What if a computation fails? Then the future still gets completed but has to return an error. At the very least, if the future can return only one value, the returned object should have a place for error indication. But a better asynchronous library would have a place for error indication right in the futures. BTW, to do it right, it shouldn't be just an error code, it should be a proper error object that allows nested errors, and ideally also error lists, like Error in Triceps.

So suppose that our futures do have an error indication. How can these errors be handled?

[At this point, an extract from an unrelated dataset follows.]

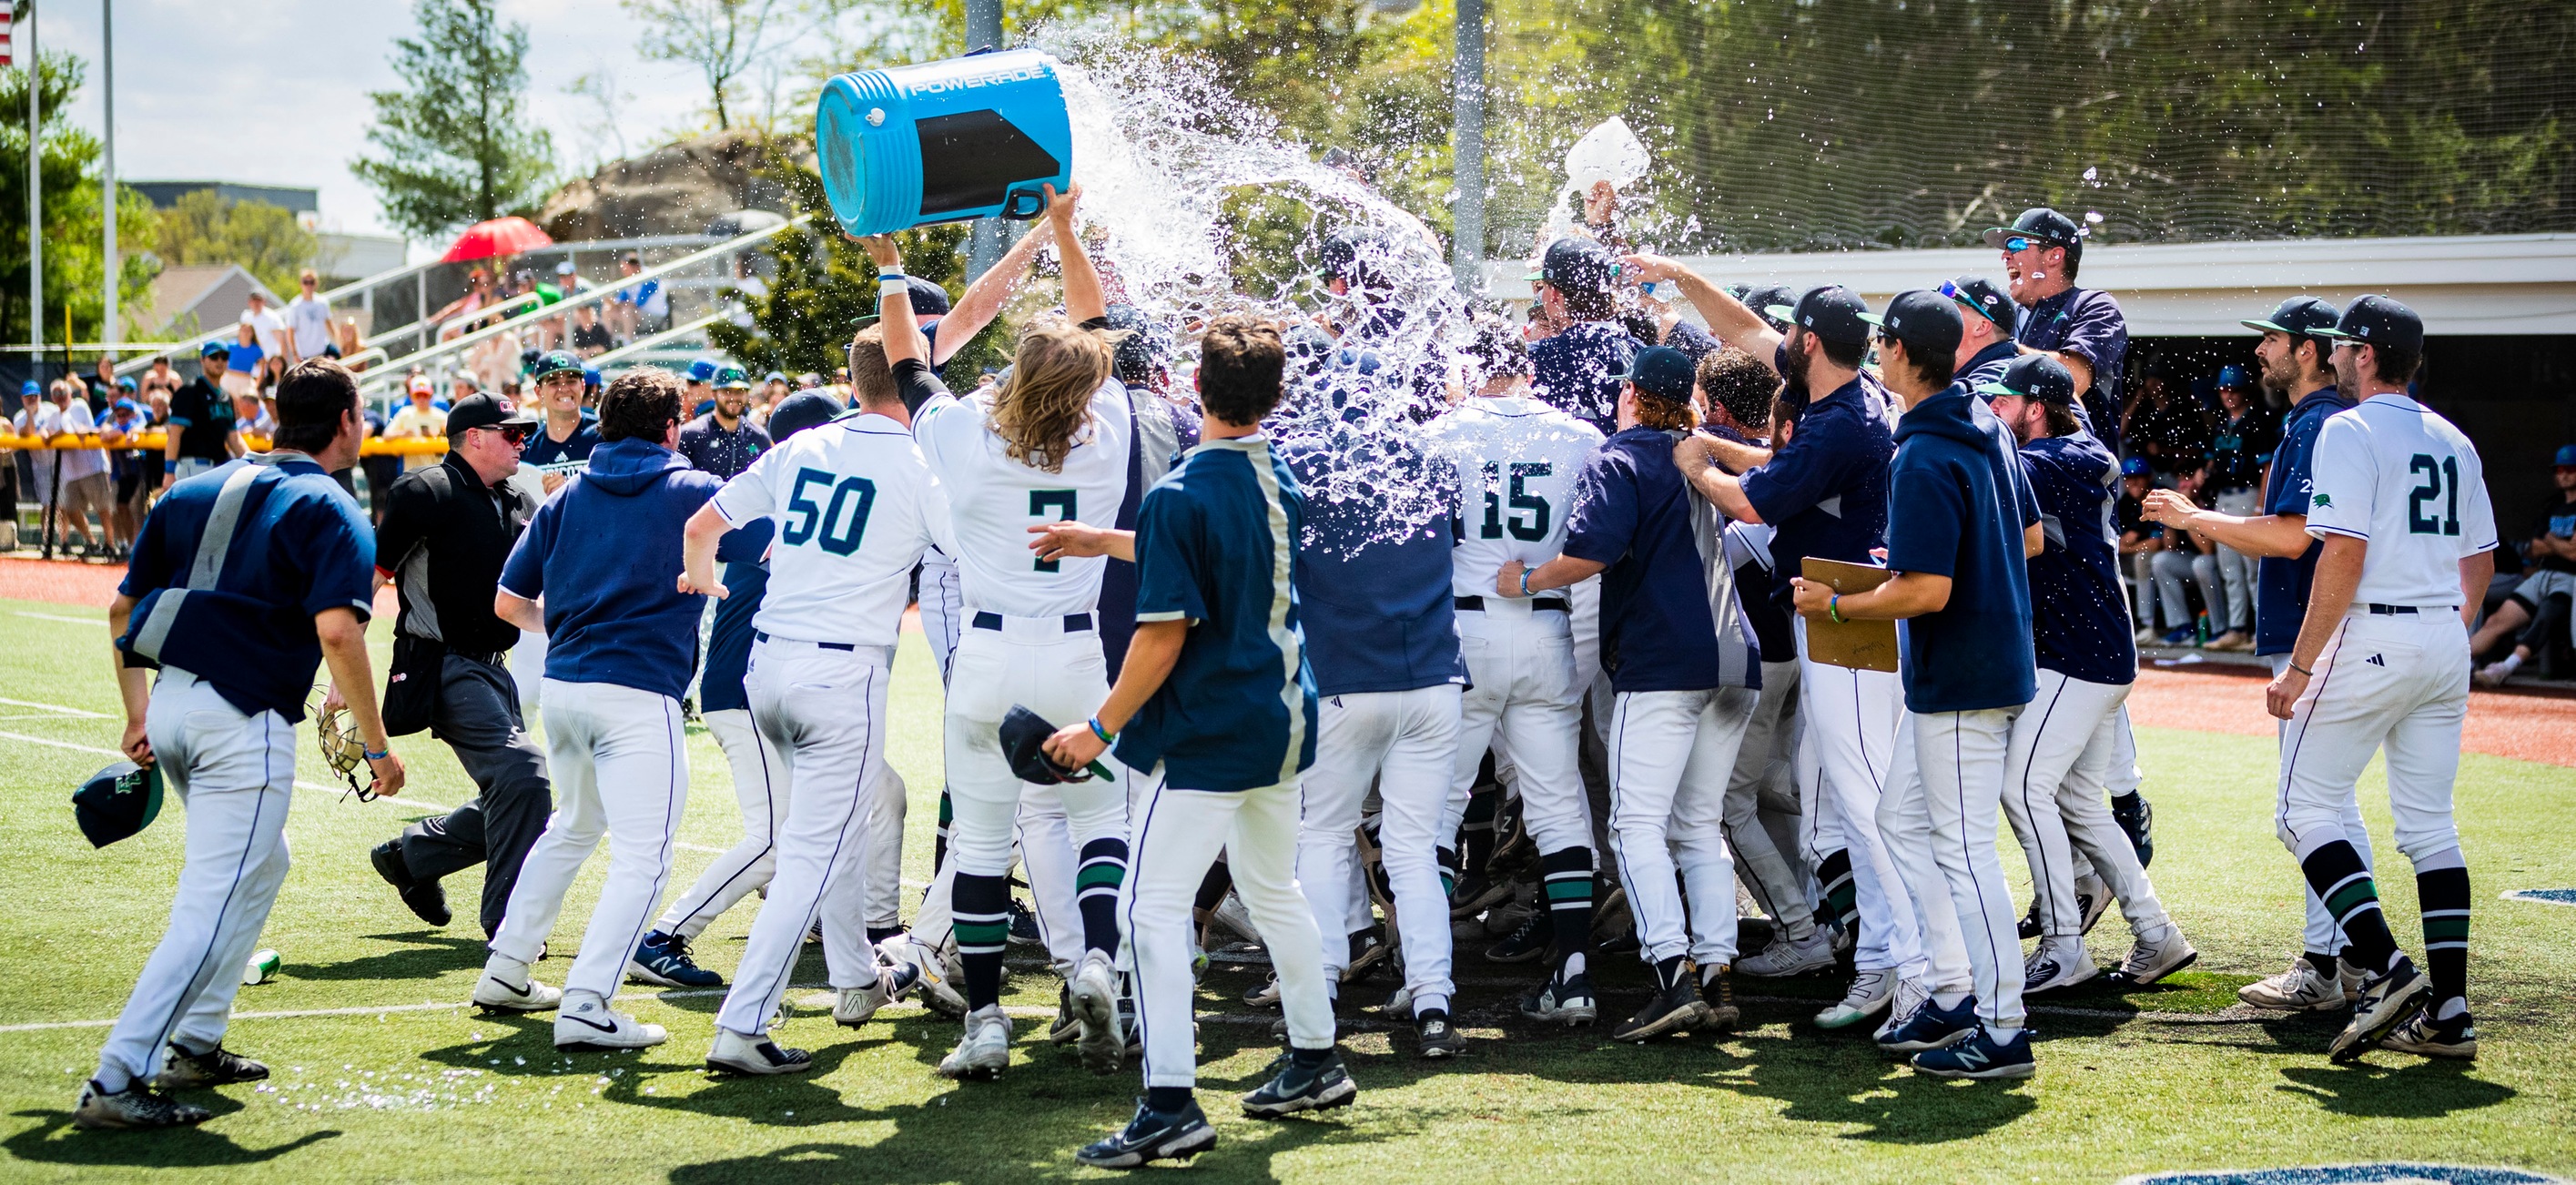 CCC TOURNAMENT: MacDougall Launches Walk-Off Homer To Send Endicott To Championship Round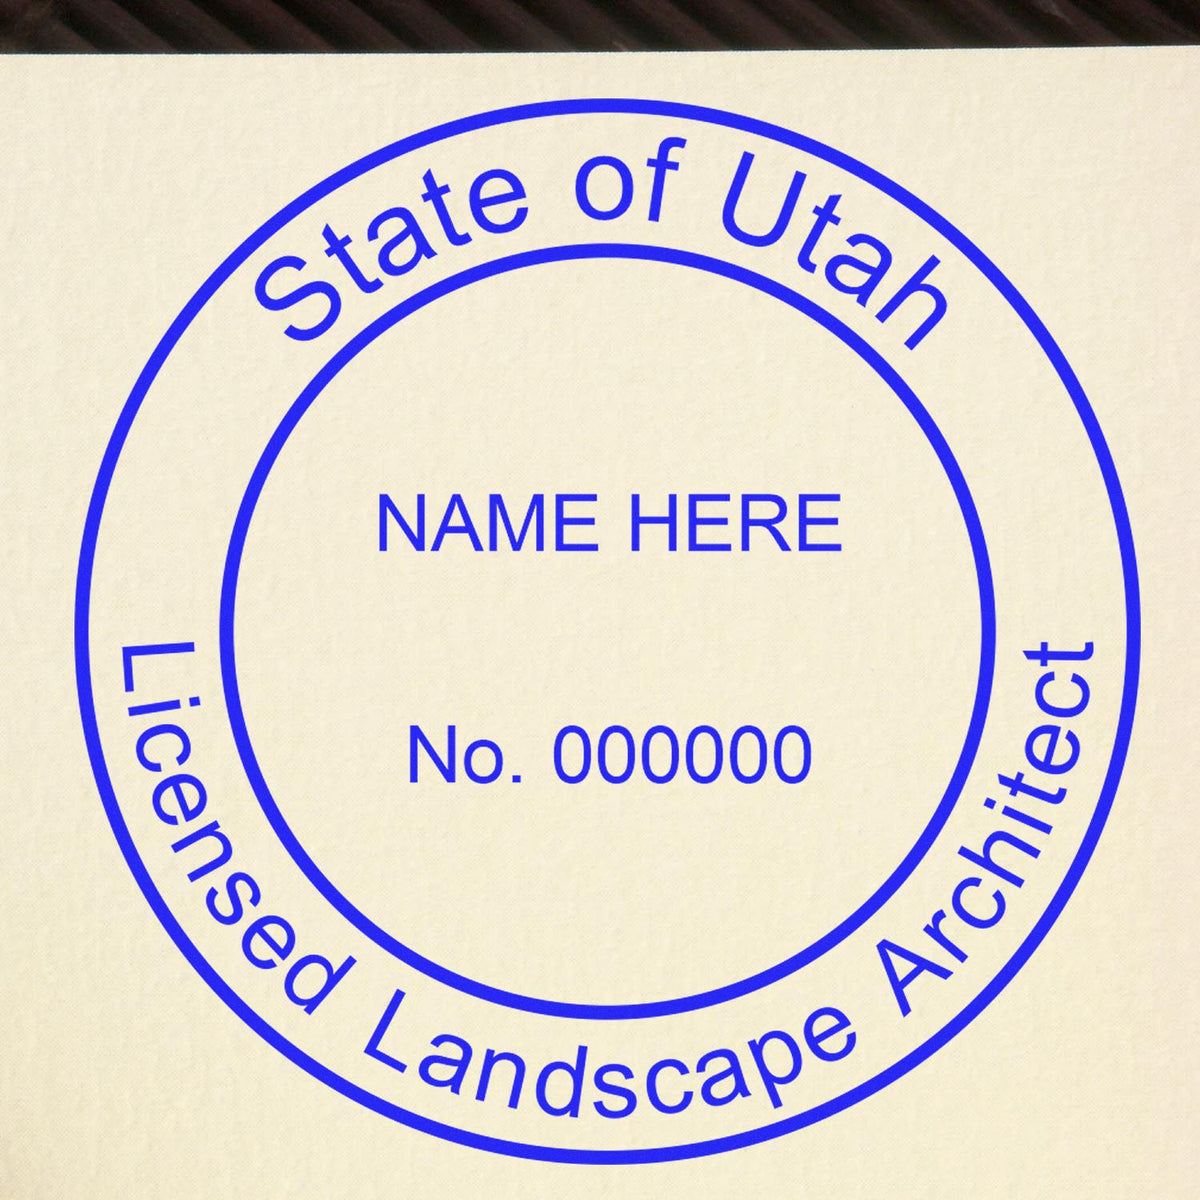 The Premium MaxLight Pre-Inked Utah Landscape Architectural Stamp stamp impression comes to life with a crisp, detailed photo on paper - showcasing true professional quality.

Chaining between futures is easy: just the error chains through in the same way as the value. A nice consequence is that the asynchronous lock pattern and other patterns like that just work transparently, releasing the lock in any case, error or no error. However an error object may have references to the objects that we might not want to be stuck in the state of an asynchronous lock. And we don't want the unrelated code that locks the mutex next to start with an error. An error is applicable even to a void future, so it would get stuck even in one of those. So there should be a separated case of chaining to a void future that just passes through the completion but not the error. If your library doesn't have one, you can make one with a function chained to the first future and freshly completes the second future, ignoring the error.

Chaining functions is more complicated. In the simplest case we can just let the function check for error and handle it (and that's a good reason to have the whole input future as an argument and not just the value from it). But that means doing a lot of the same boilerplate error propagation code in a lot of functions.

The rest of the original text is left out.